Recall your retail time series data (from Exercise 3 in Section 2.10).
retaildata <- readxl::read_excel("retail.xlsx", skip=1)
myts <- ts(retaildata[,"A3349399C"], frequency=12, start=c(1982,4)) #clothing
autoplot(myts)
The multiplicative method is preferred when the seasonal variations are changing proportional to the level of the series which is happening in this case.
fit1 <- hw(myts, seasonal="multiplicative")
fit2 <- hw(myts, damped = T, seasonal="multiplicative")
autoplot(myts) +
autolayer(fit1, series="HW multiplicative forecasts", PI=FALSE) +
autolayer(fit2, series="HW multi damped",
PI=FALSE) +
xlab("Year") +
ylab("Clothing") +
ggtitle("Retail: Turnover") +
guides(colour=guide_legend(title="Forecast"))
## ME RMSE MAE MPE MAPE MASE
## Training set 0.1416191 12.83016 9.730449 -0.3289084 4.447693 0.540727
## ACF1
## Training set 0.09791563
## ME RMSE MAE MPE MAPE MASE ACF1
## Training set 1.091016 12.49991 9.503303 0.2091735 4.405131 0.5281044 0.05756364
The damped multiplicative method is better due to the lower RMSE score.
##
## Box-Ljung test
##
## data: fit2$residuals
## X-squared = 91.149, df = 24, p-value = 9.296e-10
The p-value is less than 0.05 therefore this suggests that that the data is not from white noise.

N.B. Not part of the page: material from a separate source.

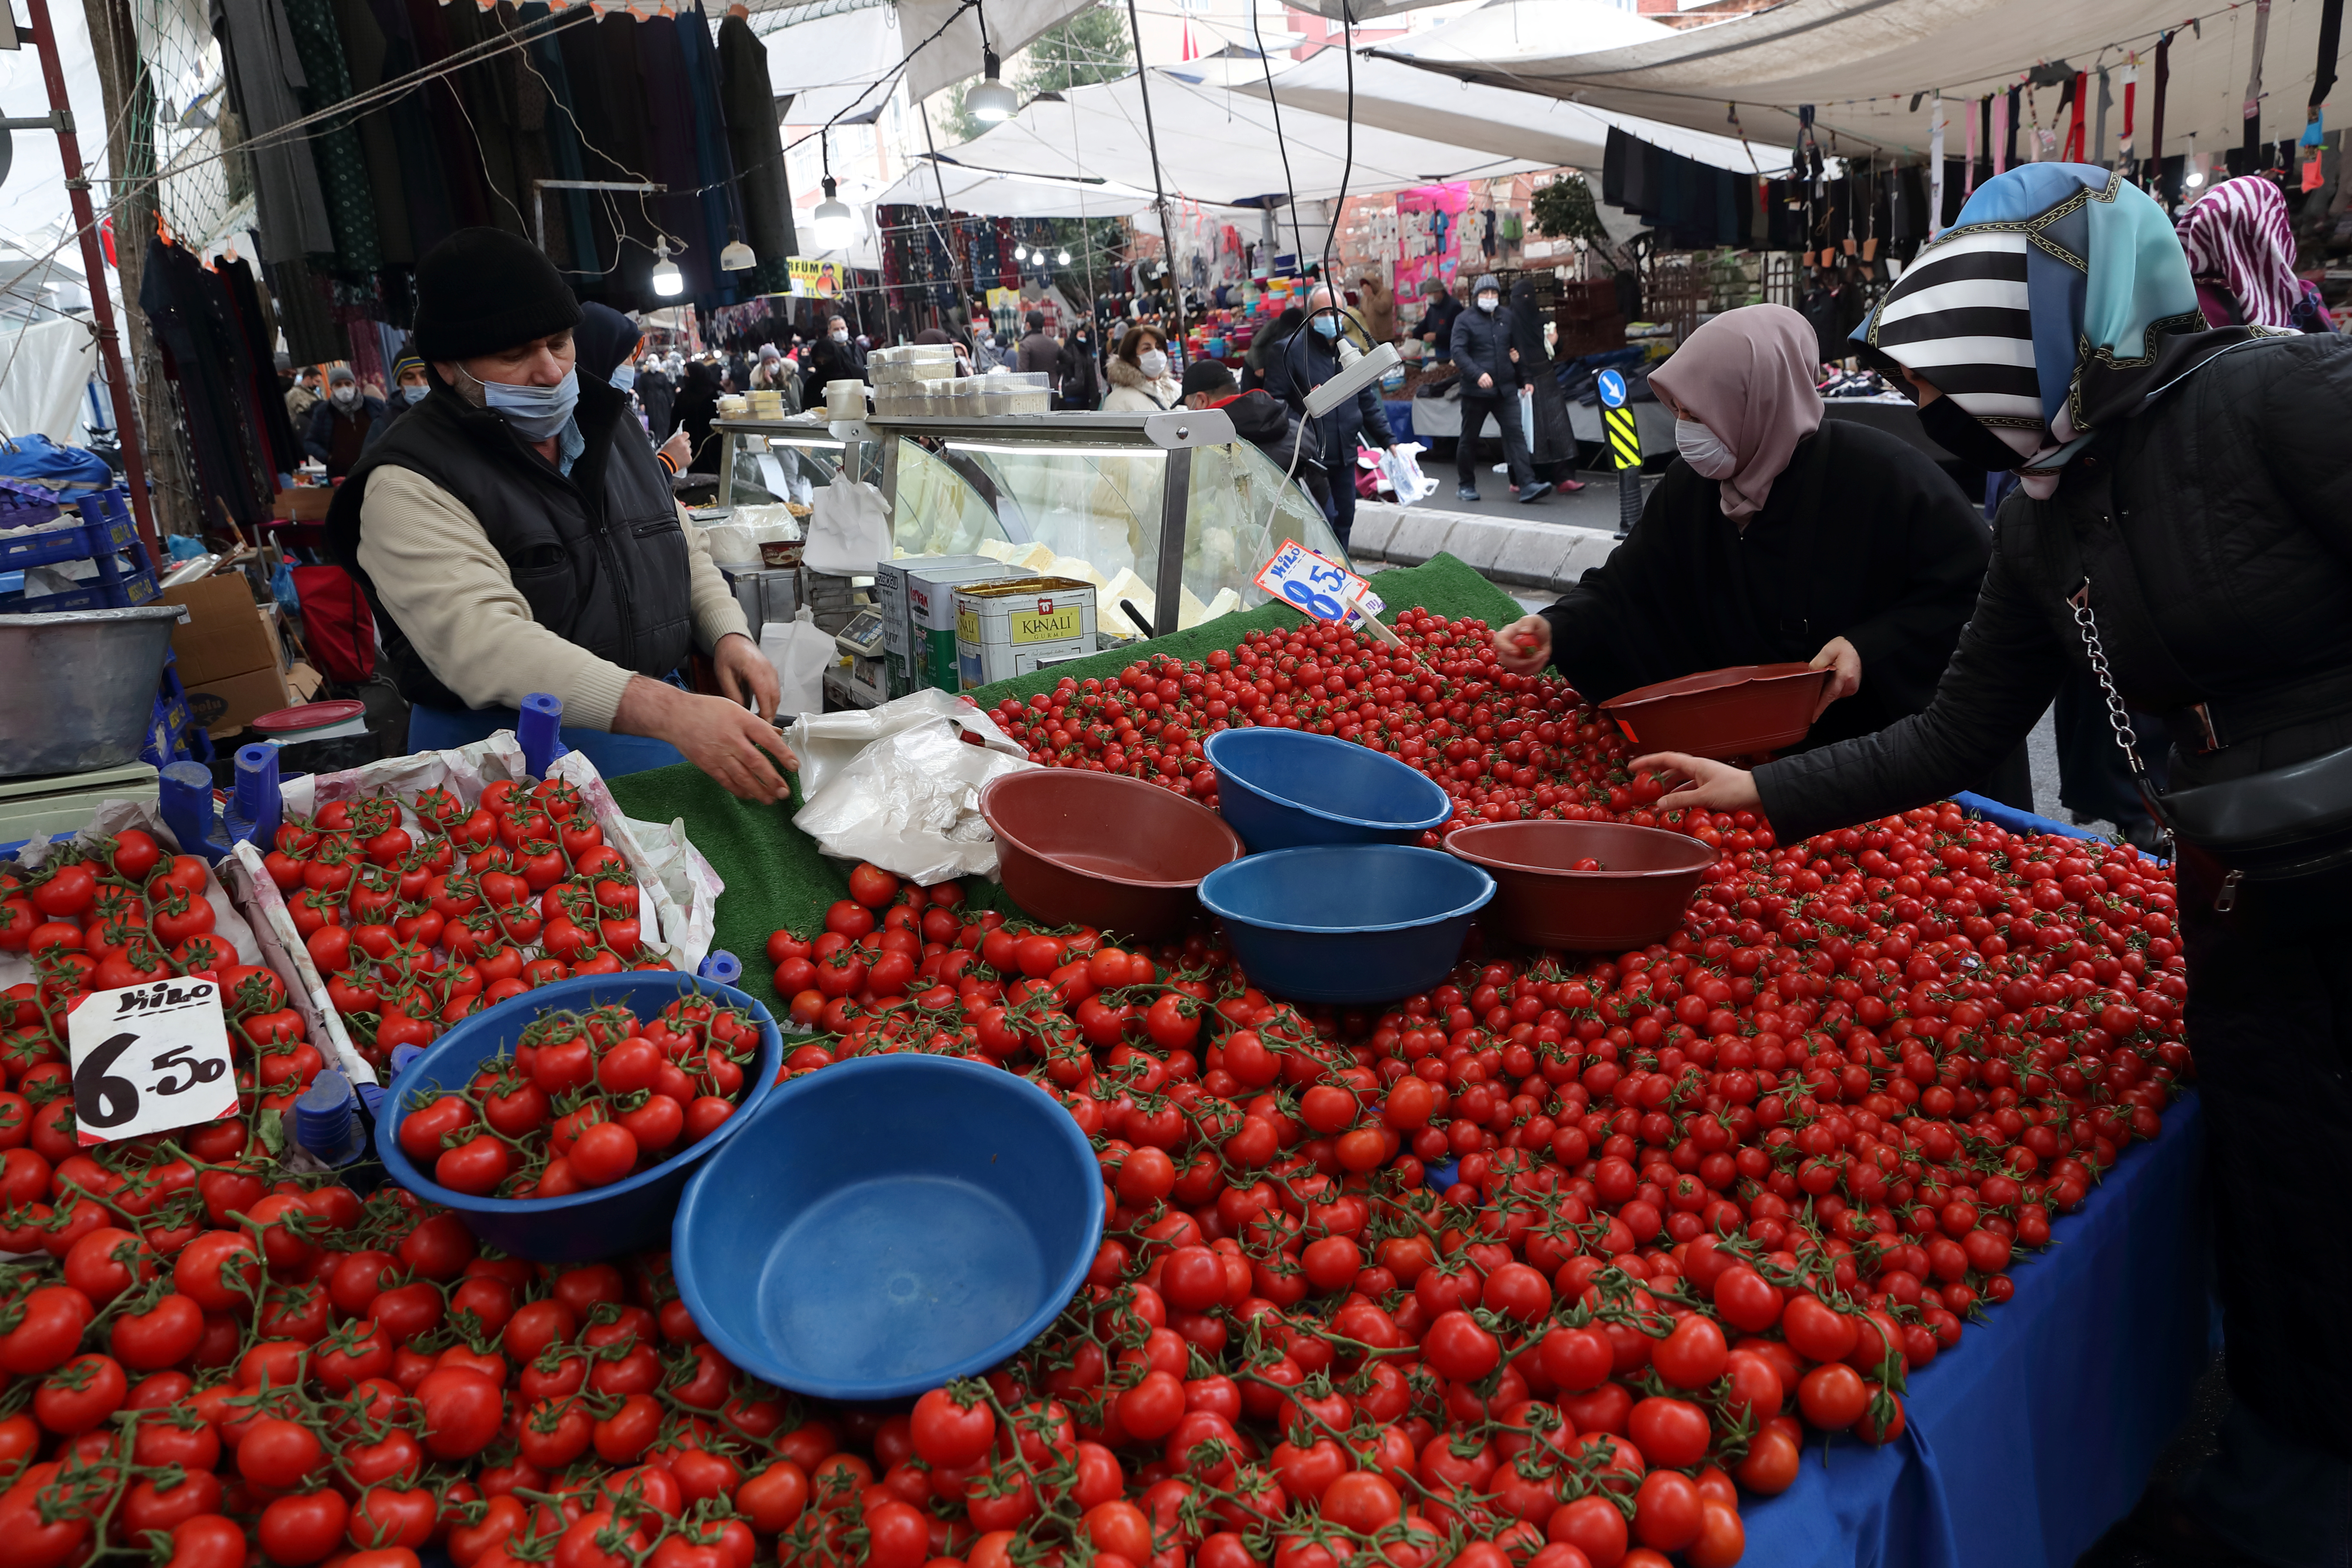 Women shop at a local market in Fatih district in Istanbul

myts.train <- window(myts, end=c(2010,12))
myts.test <- window(myts, start=2011)
fc1 <- hw(myts.train, seasonal="multiplicative")
accuracy(fc1, myts.test)
## ME RMSE MAE MPE MAPE MASE
## Training set -0.4181467 12.62076 9.483714 -0.5602421 4.615519 0.5717011
## Test set -5.6475034 14.47224 10.911929 -1.8801266 3.191901 0.6577973
## ACF1 Theil's U
## Training set 0.06436742 NA
## Test set 0.54835802 0.2212264
## ME RMSE MAE MPE MAPE MASE ACF1
## Training set 9.007207 21.13832 16.58859 4.224080 7.494415 1.000000 0.5277855
## Test set 10.362500 21.50499 18.99583 2.771495 5.493632 1.145115 0.7420700
## Theil's U
## Training set NA
## Test set 0.3223094
Yes, the holt method does way better than the seasonal naive method.

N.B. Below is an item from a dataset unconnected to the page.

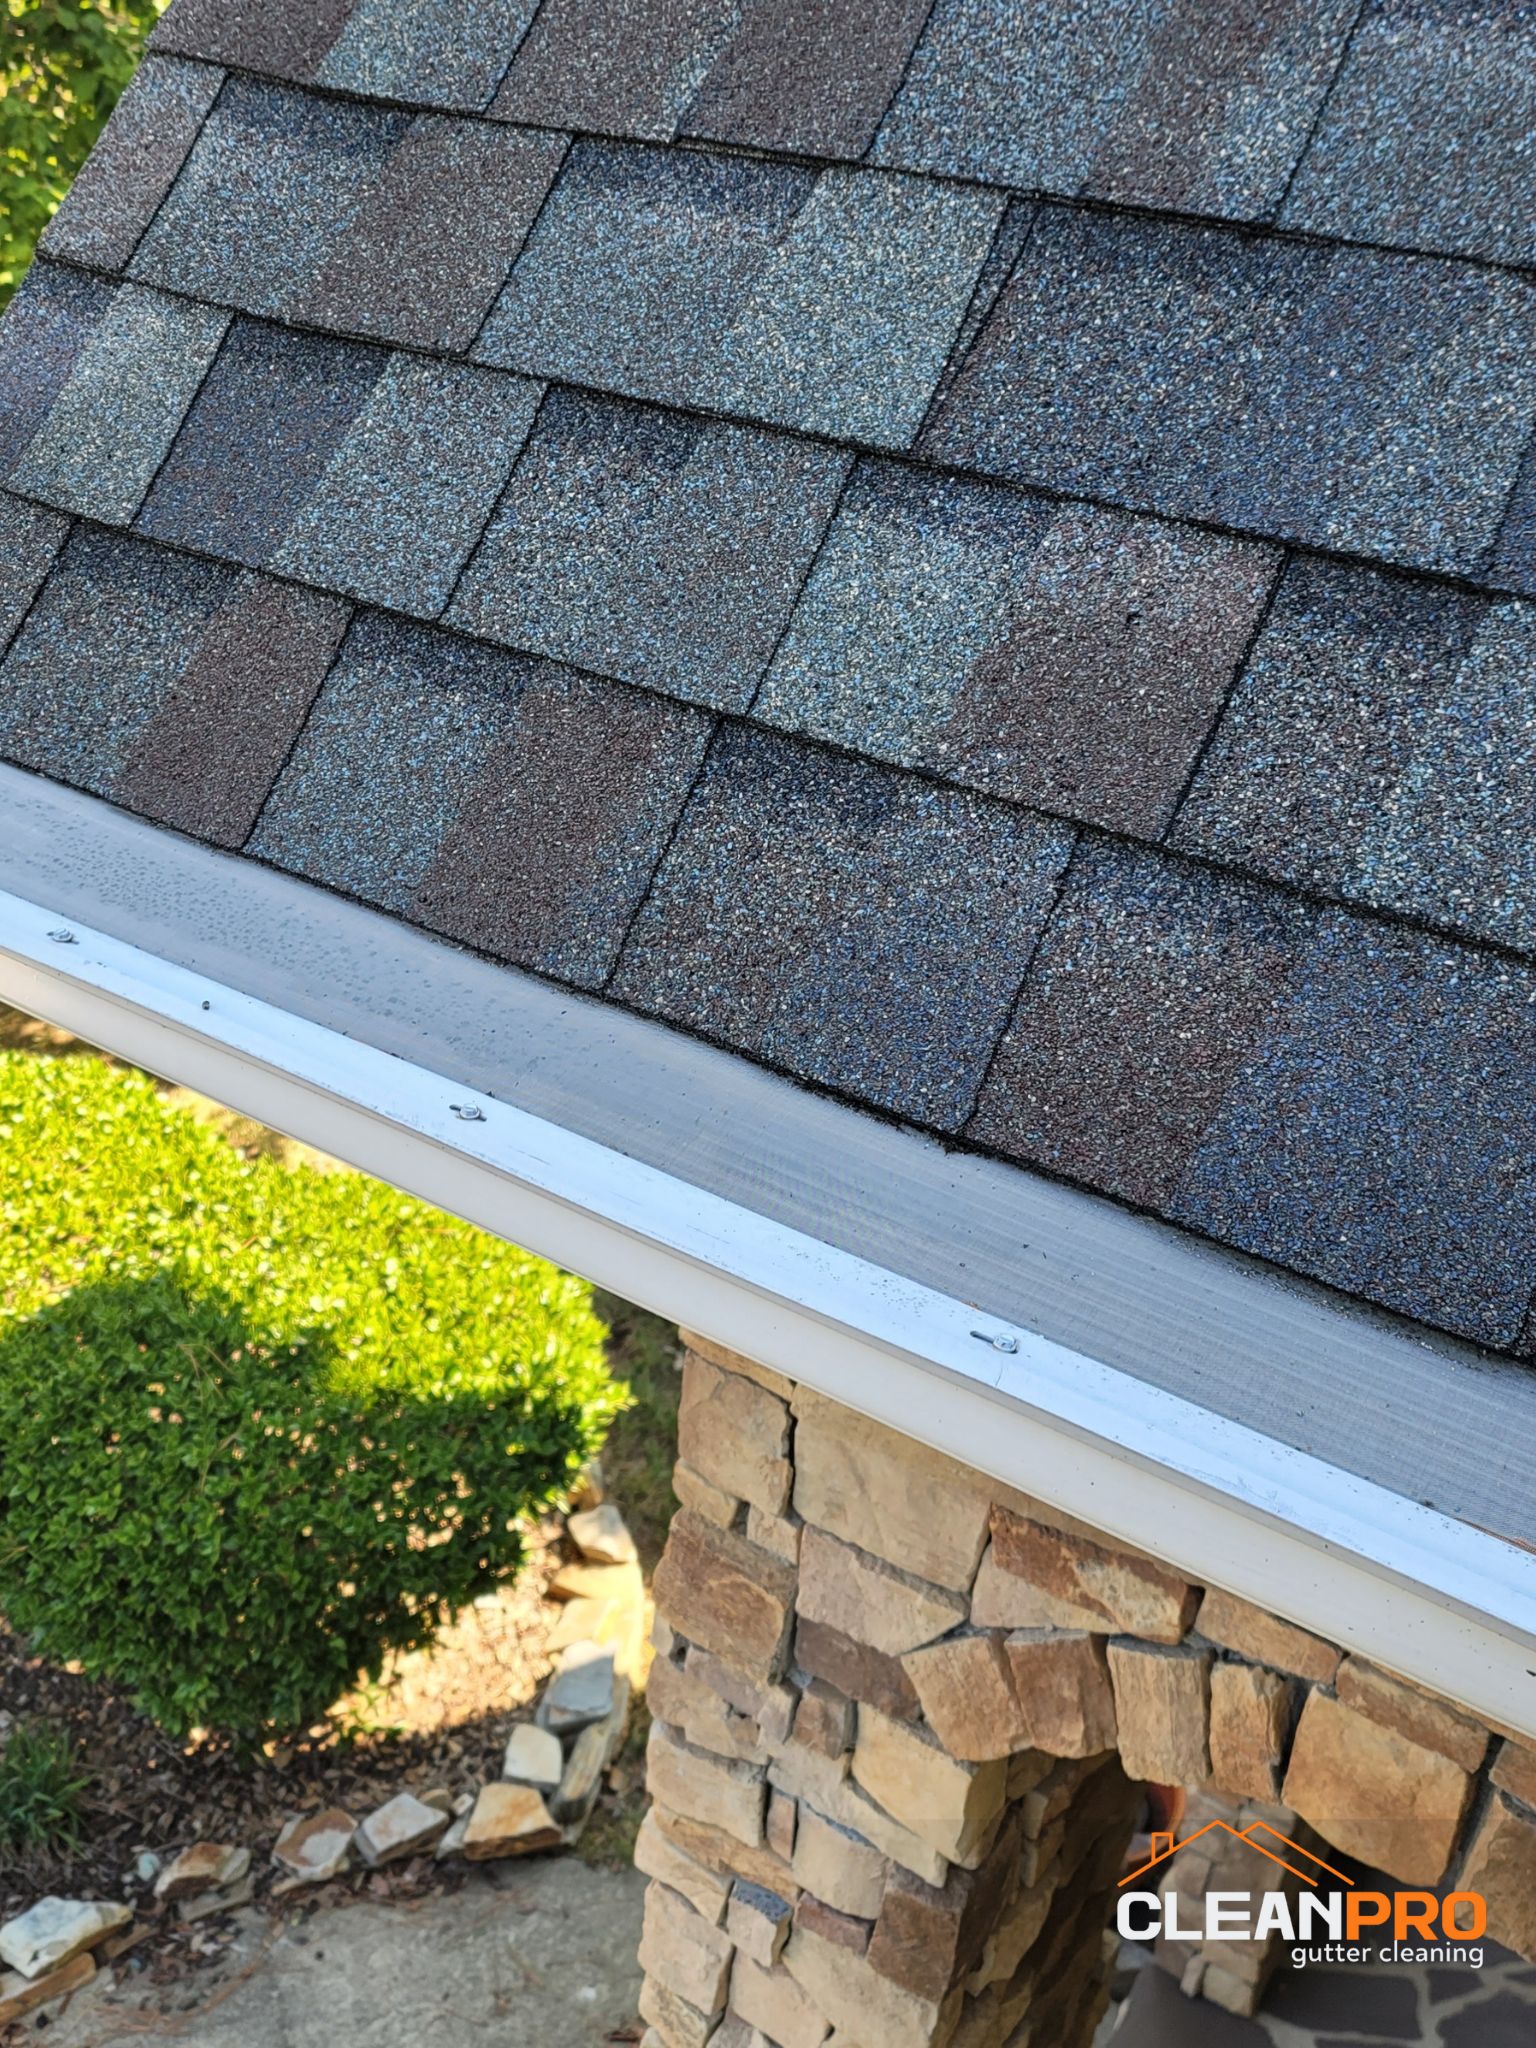 Top Notch Gutter Cleaning Service in Omaha

For the same retail data, try an STL decomposition applied to the Box-Cox transformed series, followed by ETS on the seasonally adjusted data. How does that compare with your best previous forecasts on the test set?
lambda <- BoxCox.lambda(myts.train)
stl_bc_myts.train <- stlf(myts.train, lambda = lambda)
autoplot(myts.train, series = "train") +
autolayer(stl_bc_myts.train, series = 'STL')
## ME RMSE MAE MPE MAPE MASE
## Training set -0.0869377 10.96624 8.08034 -0.1557821 3.912306 0.4871023
## Test set -13.1422085 17.30462 13.62739 -3.9151171 4.049466 0.8214921
## ACF1 Theil's U
## Training set 0.05392764 NA
## Test set 0.46703067 0.2568401
## ETS(M,A,N)
##
## Call:
## ets(y = seasadj(decompose(myts.train, "multiplicative")))
##
## Smoothing parameters:
## alpha = 0.3018
## beta = 1e-04
##
## Initial states:
## l = 99.4918
## b = 0.7645
##
## sigma: 0.0581
##
## AIC AICc BIC
## 3733.387 3733.564 3752.605
##
## Training set error measures:
## ME RMSE MAE MPE MAPE MASE
## Training set -0.09743706 12.71705 9.377922 -0.3826849 4.445302 0.5612921
## ACF1
## Training set 0.1039097
autoplot(myts.train, series = 'Train') +
autolayer(forecast(ets_myts.train, h = 24, PI=F), series = "Forecast")
## ME RMSE MAE MPE MAPE MASE
## Training set -0.09743706 12.71705 9.377922 -0.3826849 4.445302 0.5612921
## Test set -6.43858962 67.52464 43.387035 -4.6908003 11.580734 2.5968227
## ACF1 Theil's U
## Training set 0.1039097 NA
## Test set 0.1414676 0.9691795
The previous forecasts (STL) are better due to their RMSE score being lower than the one produced by ETS.